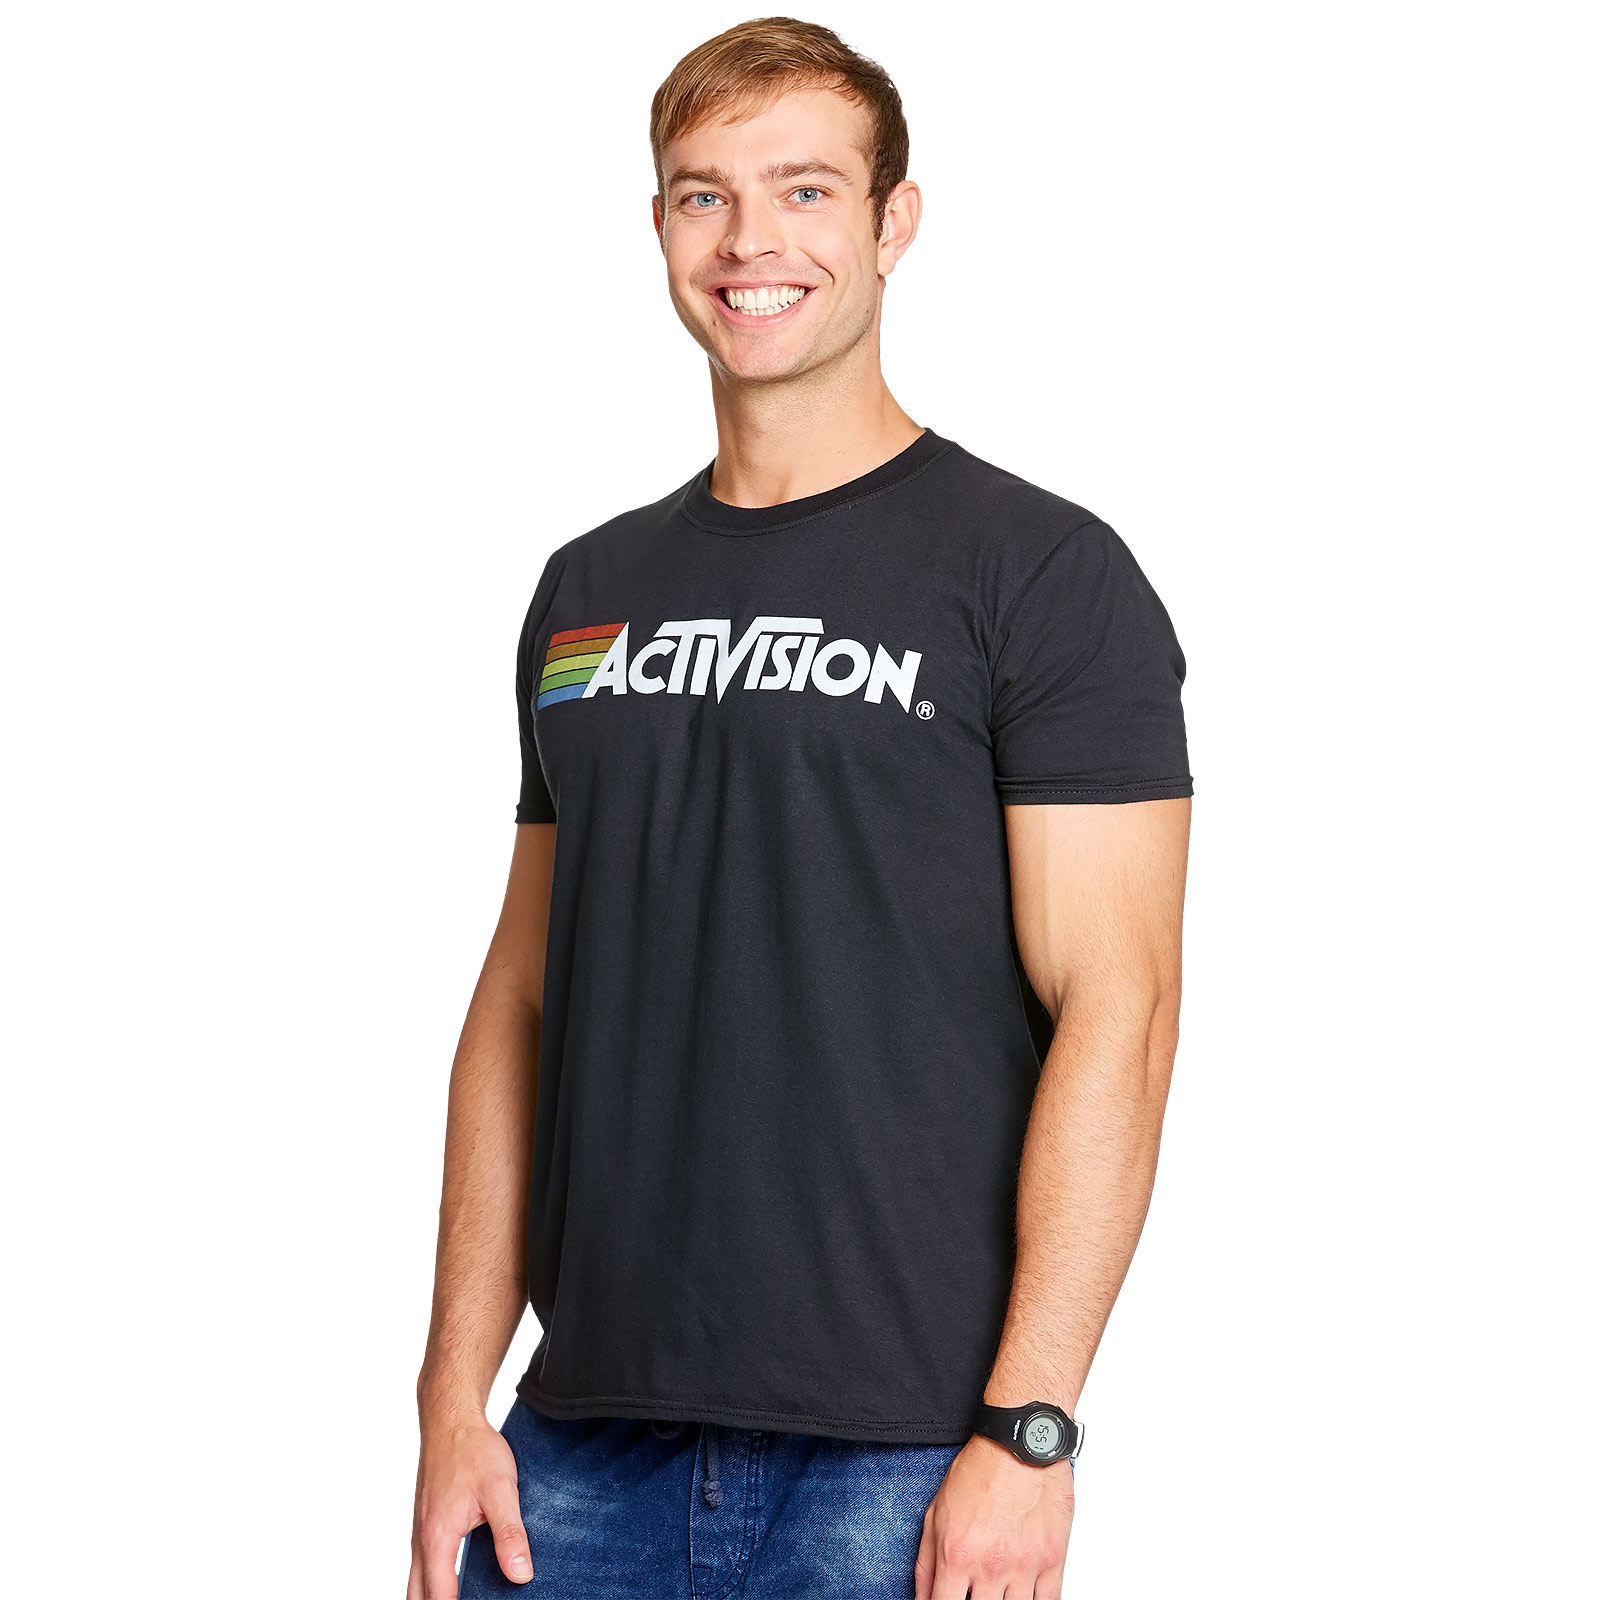 Activision - T-shirt logo noir
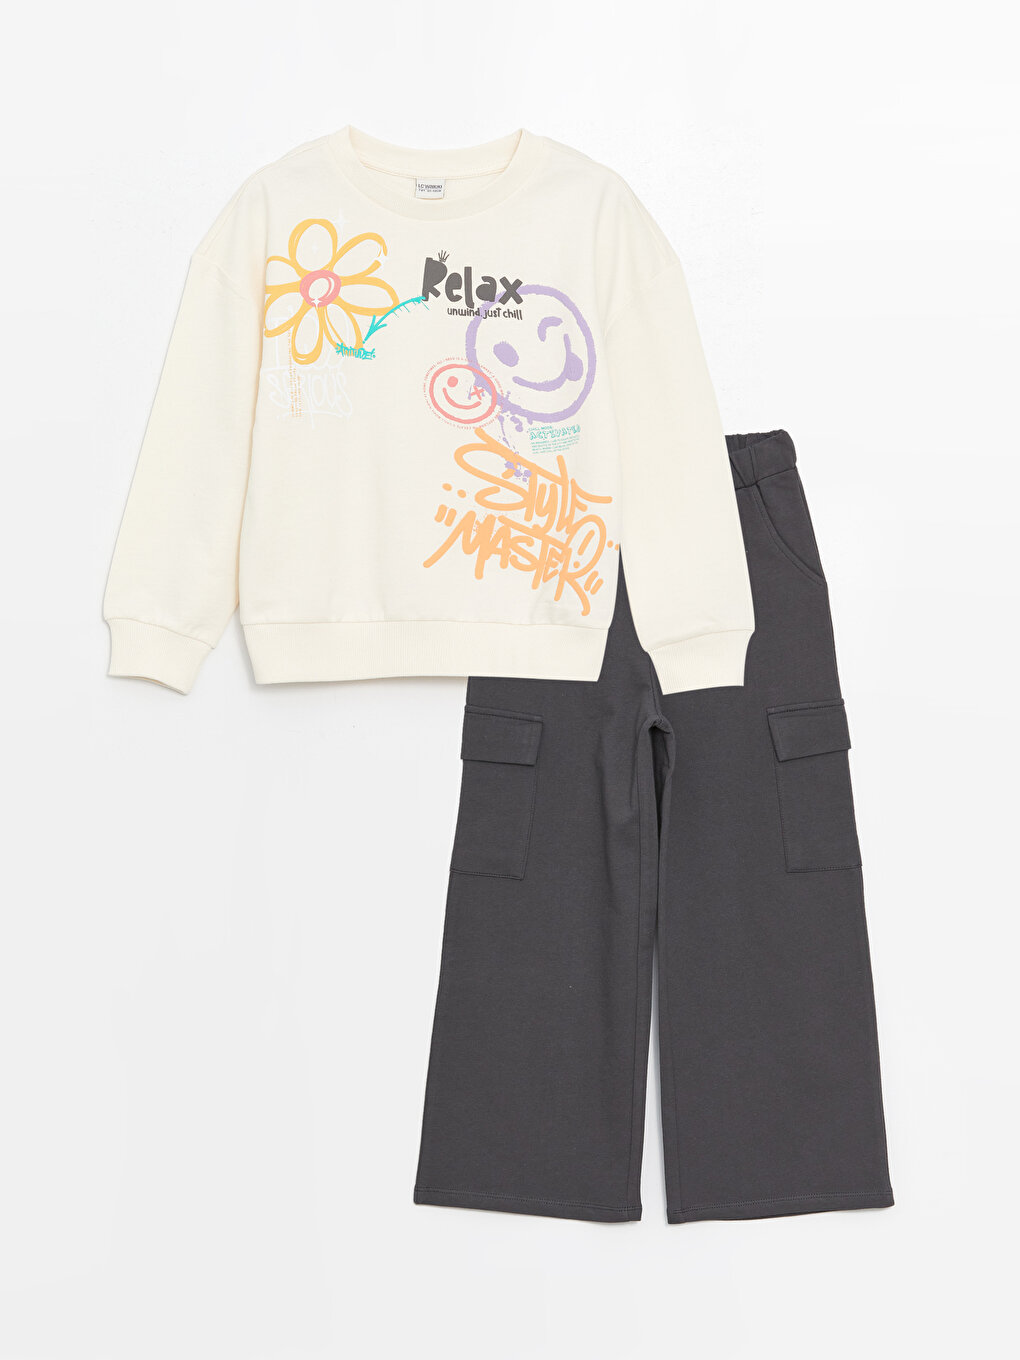 Killer Daily Uniform: Graphic Sweatshirt + Distressed Jeans + Snakeskin  Booties - The Mom Edit
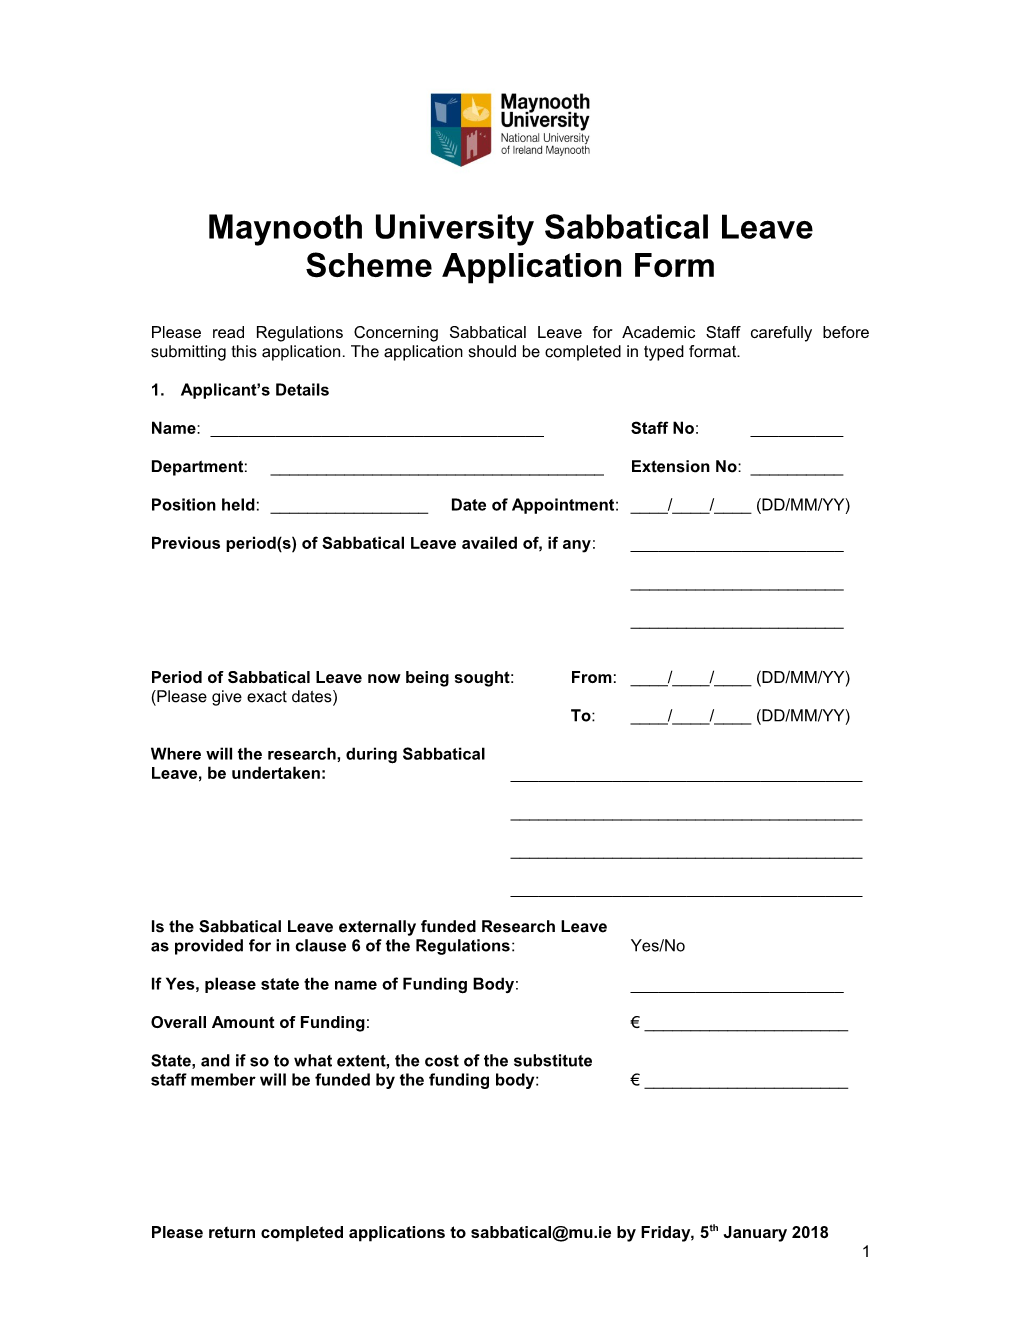 Maynooth University Sabbatical Leave Scheme Application Form

### Work item
The answer must repeat every line of the listing exactly and leave the pictures out.

### Answer to the problem
 Activision - T-shirt logo noir
 Killer Daily Uniform: Graphic Sweatshirt + Distressed Jeans + Snakeskin  Booties - The Mom Edit
 Maynooth University Sabbatical Leave Scheme Application Form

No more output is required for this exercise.